Grass Roots Analysis

This is my favorite part of analyzing a company and something Warren Buffet does it all the time. He is a reportedly a regular at McDonald’s and likes to do his own grass roots research for all the companies in his massive portfolio.  The press is beating McDonald’s up pretty badly right now saying their turnaround efforts are not working.

Novak engineered the Taco Bell turnaround with innovative product introductions in 2012 and I expect he can do the same for the company as a whole. They recognized that tacos were a bit messy as drive through fare so added burritos, gorditas, crunch wraps and all kinds of stuff that I really like that are self-contained and easy to eat while driving.

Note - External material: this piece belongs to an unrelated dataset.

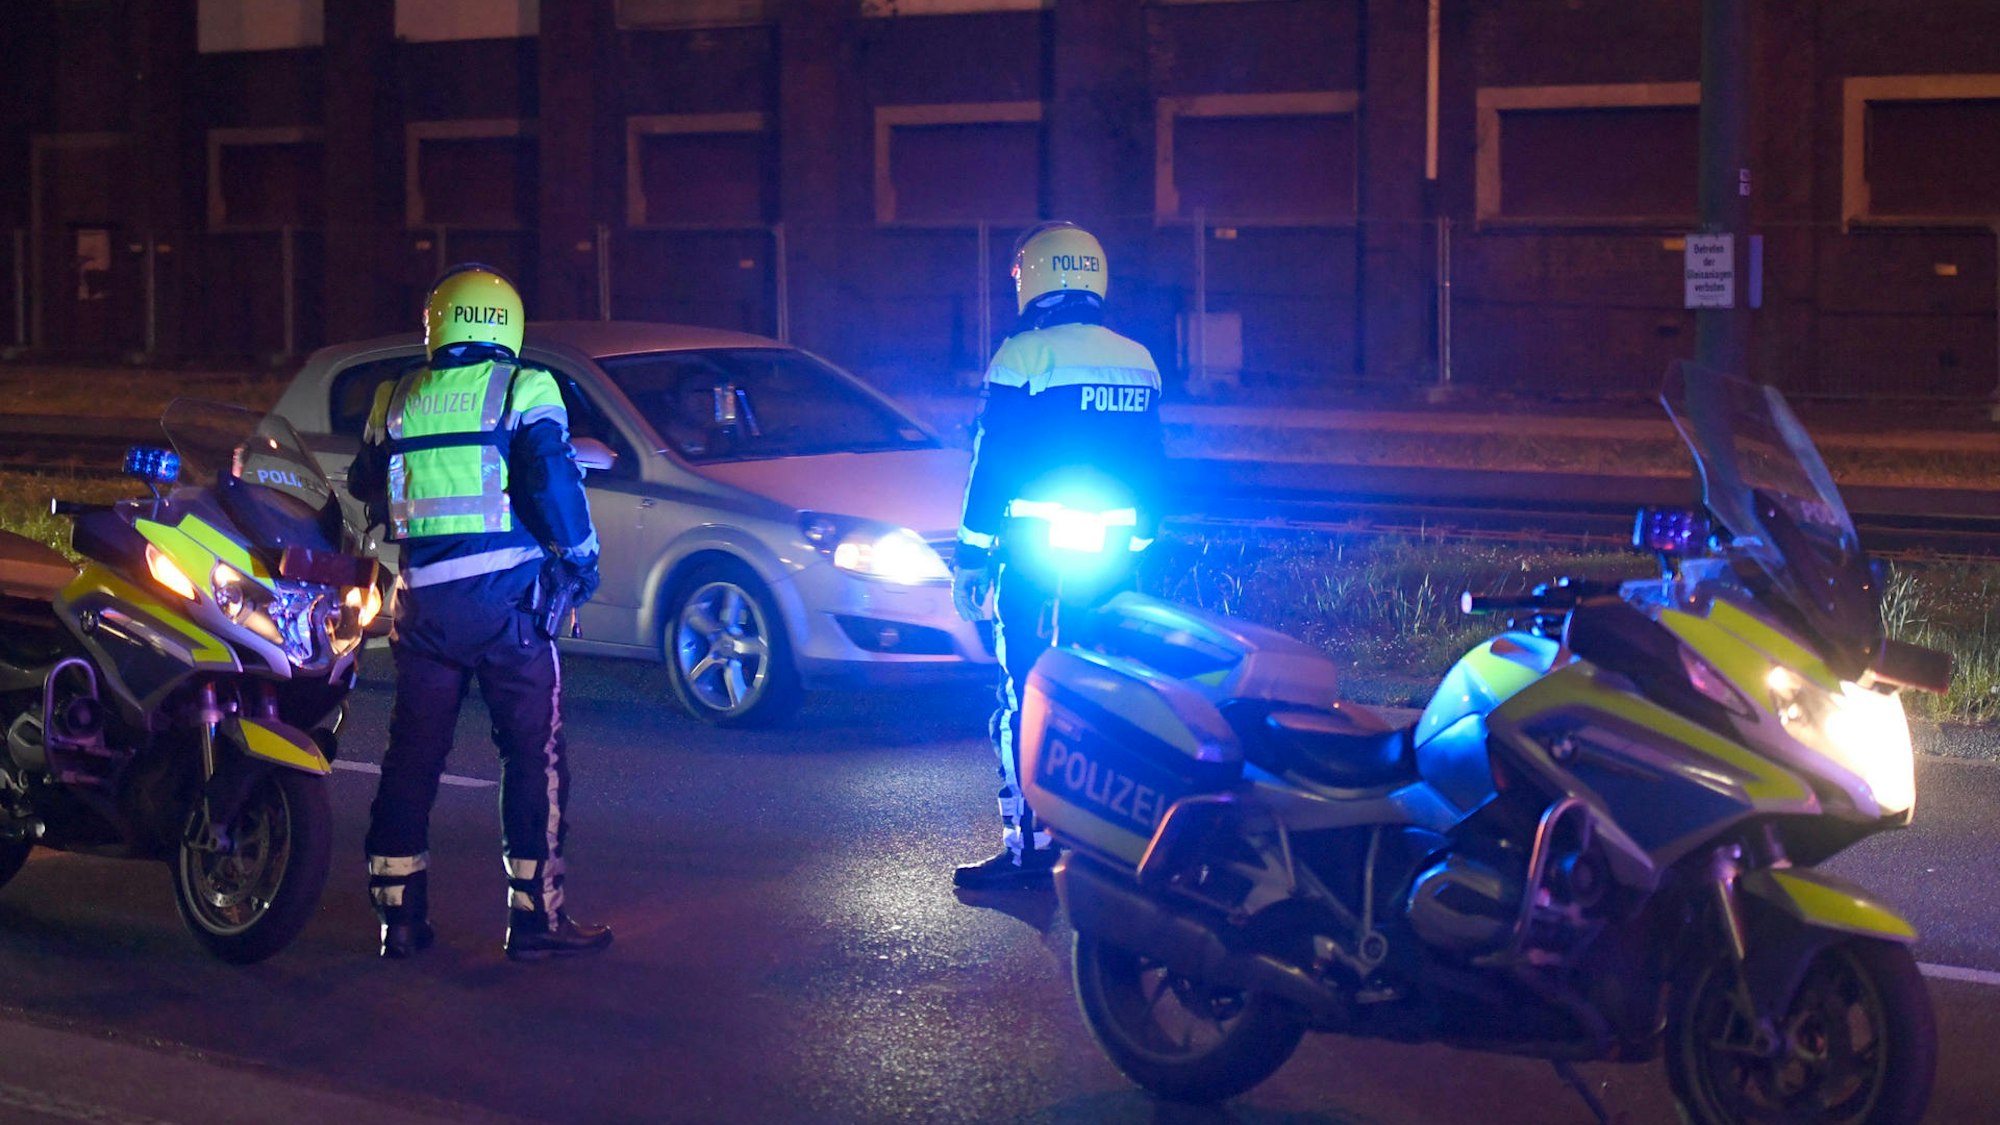 Zwei Polizisten stehen neben ihren Motorrädern und halten ein Auto an.

I am letting my stomach be my guide for this section and I am an admitted fast food junky and Taco Bell is my favorite all time fast food restaurant.

Crystal Ball Time

So I pull out my magic crystal ball, throw a few darts and here is my conclusion for YUM:

  1. Fast food business continues to dominate the restaurant industry. More and more moms would much rather grab something to go than cook. Busy families rarely sit down to a meal at home anymore so that all bodes well for the industry in general.
  2. David Novak is a proven leader and he also knows how to weather a storm.  He will rise above the current slip and bring performance back in line. This is not his first rodeo by any stretch of the imagination.
  3. New marketing campaigns at all the restaurants are targeting new audiences and based on my grass roots analysis it is working. I used to breeze through the take out window line at my local restaurant but now am at least 4-5 cars back every time I visit any time of the day.
  4. After many years as a “no show” for me, Pizza Hut is back on my radar screen and the last two or three experiences have proven very rewarding. Food was good, hot and delivered as promised both for online ordering and at the in house buffet.

It’s a roll of the dive to be sure, but I am in for a strike price of $75. It may or may not execute, but that’s OK.  I only want it if I can get a bargain price.